Durante el segundo día del seminario «Vida, muerte y transición», León reaccionó a los gritos de un participante poniéndose de repente a golpear el colchón del suelo y luego, en un estado de regresión, simuló que pegaba y estrangulaba a un bebé invisible que al parecer lo había llevado al borde del homicidio. Tras revivir y expresar su rabia homicida golpeando un colchón y estrangulando un cojín, lloró y nos relató unos hechos que lo habían alterado mentalmente durante más de una década.

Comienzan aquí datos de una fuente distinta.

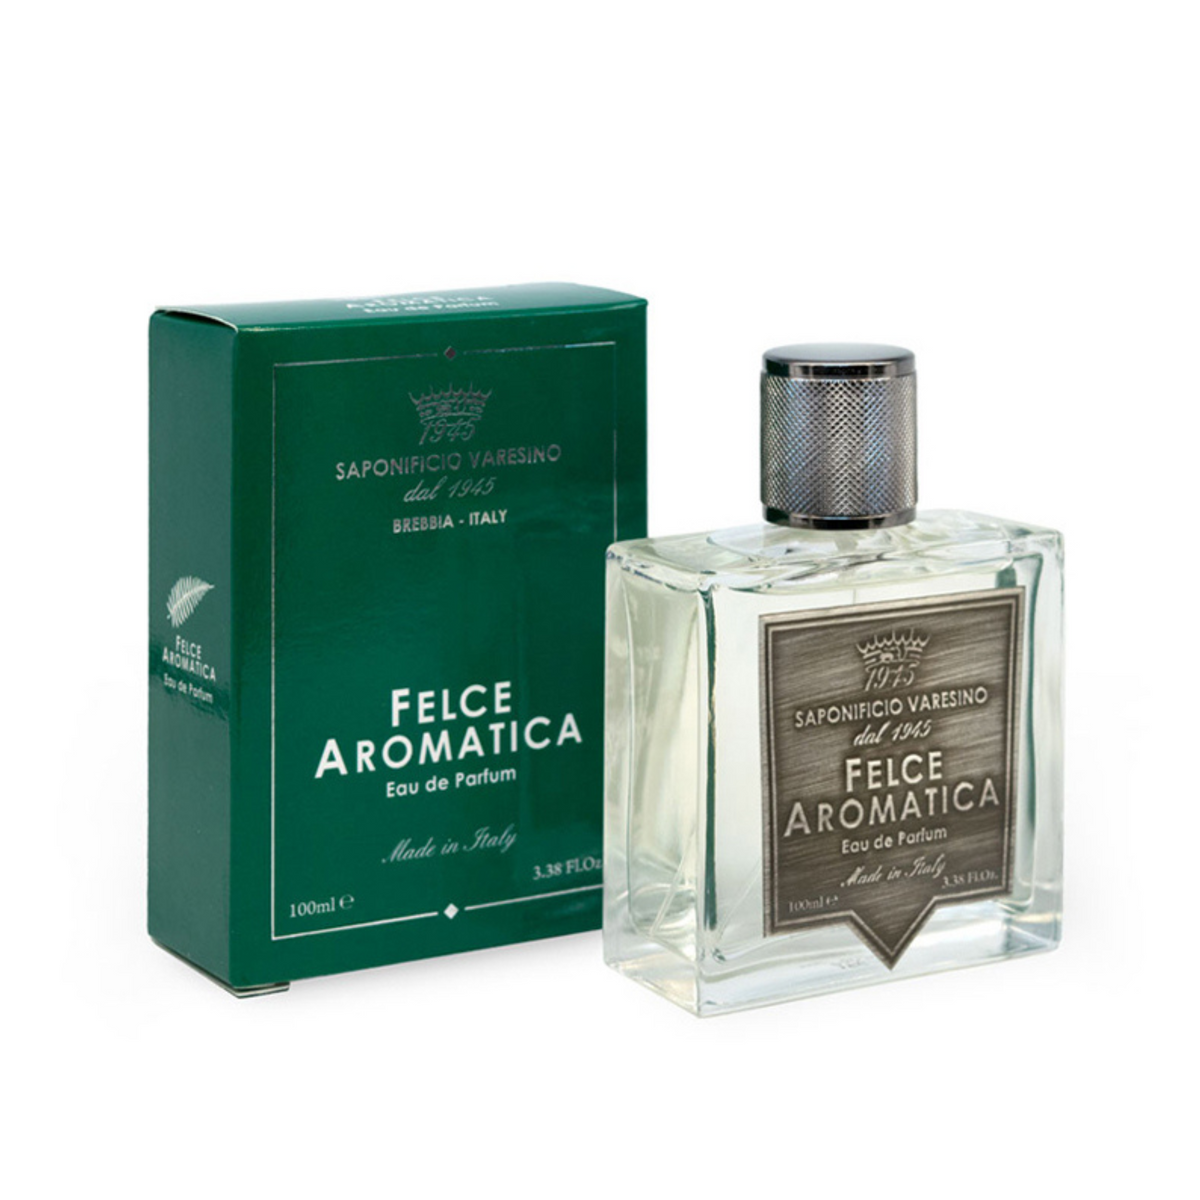 Primary Image of Felce Aromatica Eau De Parfum

En su familia siempre se había prohibido llorar y manifestar la cólera. Creció con la mentalidad de que «la gente buena no llora, ni grita, ni expresa enfado». Estaba bien entrenado y todo el mundo lo consideraba un «chico encantador», «incapaz de matar una mosca». Cuando como joven médico interno, su mujer dio a luz a su primer hijo, estaba sobrecargado de trabajo y muy cansado; extenuado por el horrible horario laboral del hospital, poco preparado para responsabilizarse de su nueva condición de padre.

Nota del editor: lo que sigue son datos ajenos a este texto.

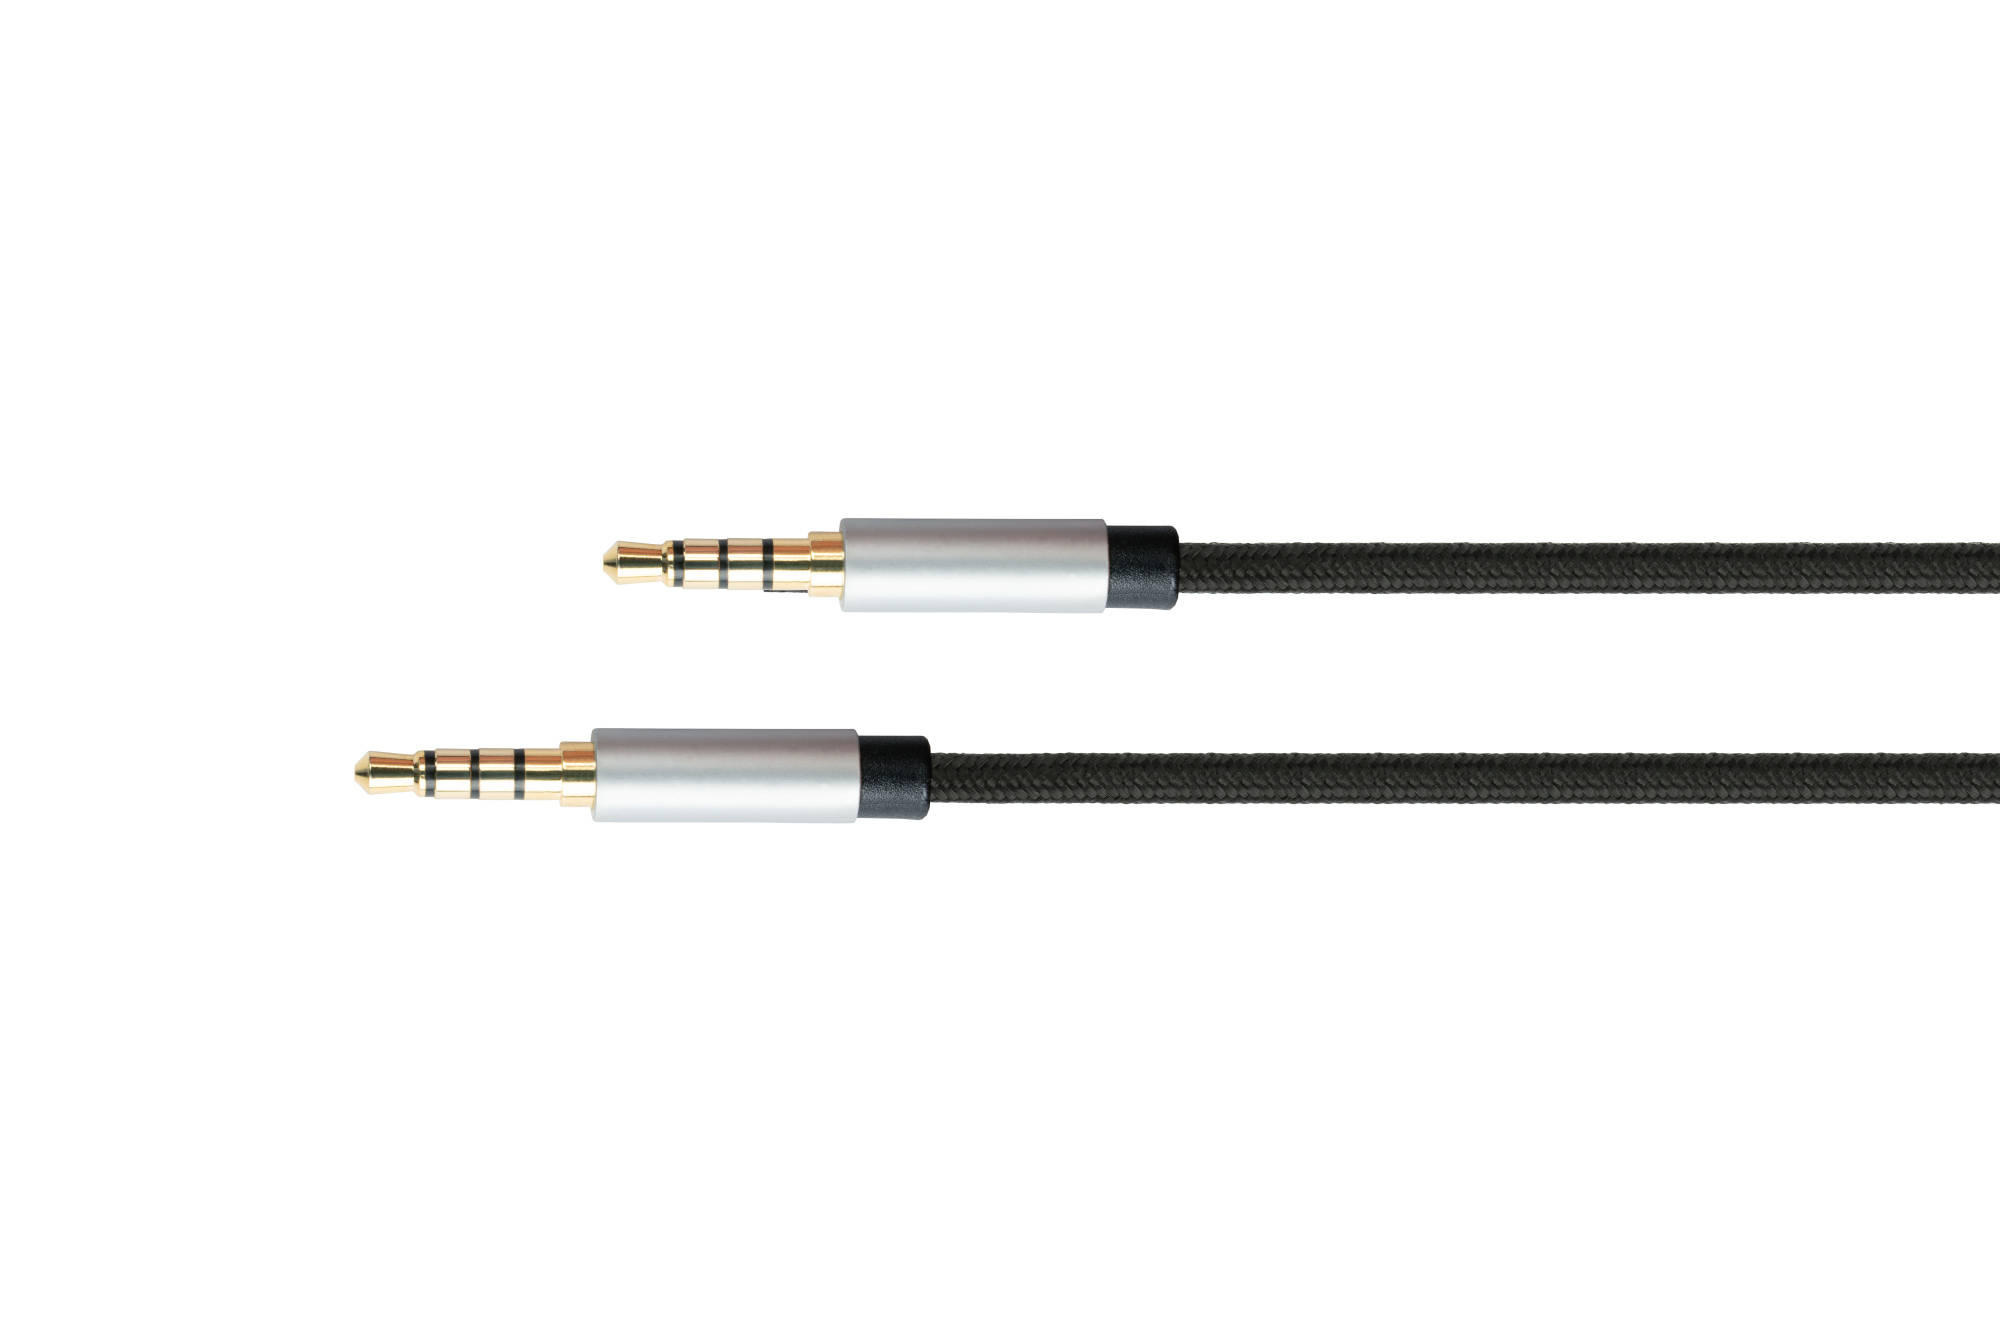 Audio Anschlusskabel High-Quality, 4-poliger 3,5mm Klinkenstecker beidseitig, Textilmantel, schwarz,

Puesto que su imagen siempre había sido la de «un buen chico», su mujer confiaba en que la ayudaría si el bebé se despertaba por las noches. En su estado de regresión, con el colchón revivió un momento de ira que había sentido ante el incesante lloriqueo de su hijo. Había levantado al pequeño por los aires y se le había pasado por la cabeza la idea de golpearlo hasta matarlo, luego de estrangularlo, y finalmente había hecho ademán de tirarlo por la ventana. En la vida real había sentido todo eso, pero un sudor frío y la súbita conciencia de su furia homicida lo habían detenido antes de hacer daño al niño.

Nunca había hablado con nadie de esa noche horrible. Tampoco había imaginado que la escena pudiera repetirse idénticamente un año y medio más tarde, cuando, siendo médico residente, se sintió obligado a ayudar a su mujer en el cuidado de su hija recién nacida. León se especializó en pediatría y se esforzó al máximo para convertirse en el pediatra más cariñoso del hospital. Reprimió los recuerdos de esas dos noches y no fue consciente de las razones por las que había elegido esa especialidad, hasta que se enfrentó cara a cara con su «Hitler interior».

Muy aliviado, León compartió su culpa, confesó sus deseos destructores, lloró su angustia y remordimiento, y, gracias a su catarsis y comprensión, salió del seminario en perfecto estado emocional y físico.

Los pequeños miedos reprimidos de la vida acaban por provocar manifestaciones destructivas, que pueden ir desde dar una patada a un pobre perro o descargar nuestra frustración en una inocente estudiante de enfermería, hasta matar a un ser humano que inconscientemente nos despierta sentimientos dolorosos.

En los niños pequeños, el enfado reprimido los induce a menudo a actuar de modo espantoso y sádico con animales, o con niños físicamente más débiles, o discapacitados que no pueden defenderse. Y ni que decir tiene que la ira reprimida es la causa de que haya cárceles abarrotadas, guerras en todo el mundo y, en algunos países, como Estados Unidos, un constante incremento de la violencia.

Perdón

Sólo cuando se permite a los niños que expresen su natural enojo y se les anima a hacerlo, pueden éstos perdonarse por manifestar su ira. Rolando, un niño de doce años que padecía la enfermedad de Werdnig-Hoffman, que afecta al sistema neuromuscular, nos narró esta maravillosa experiencia que ocurrió días después de su bautismo. Para él fue un acontecimiento espiritual intenso y emotivo que, sin embargo, se vio empañado por una serie de hechos que suscitaron en él una profunda ira y sentimientos de rechazo. Al verlo llorar y temblar de rabia, su madre lo animó a ir al patio y «desahogarse». Rolando le pidió que lo sacara de la silla de ruedas y lo colocase en el suelo, y que le diera una cuchara. Cavó un agujero y lo llenó con agua. Al cabo de una hora llamó a su madre para que le llevara sus soldados de juguete. Su madre hizo lo que le pedía suponiendo que los golpearía y tiraría al agua. En vez de eso, lo que presenció fue un ceremonioso y sagrado ritual en el que, mojándose los dedos en el agua del agujero, ungió a cada soldado en la frente.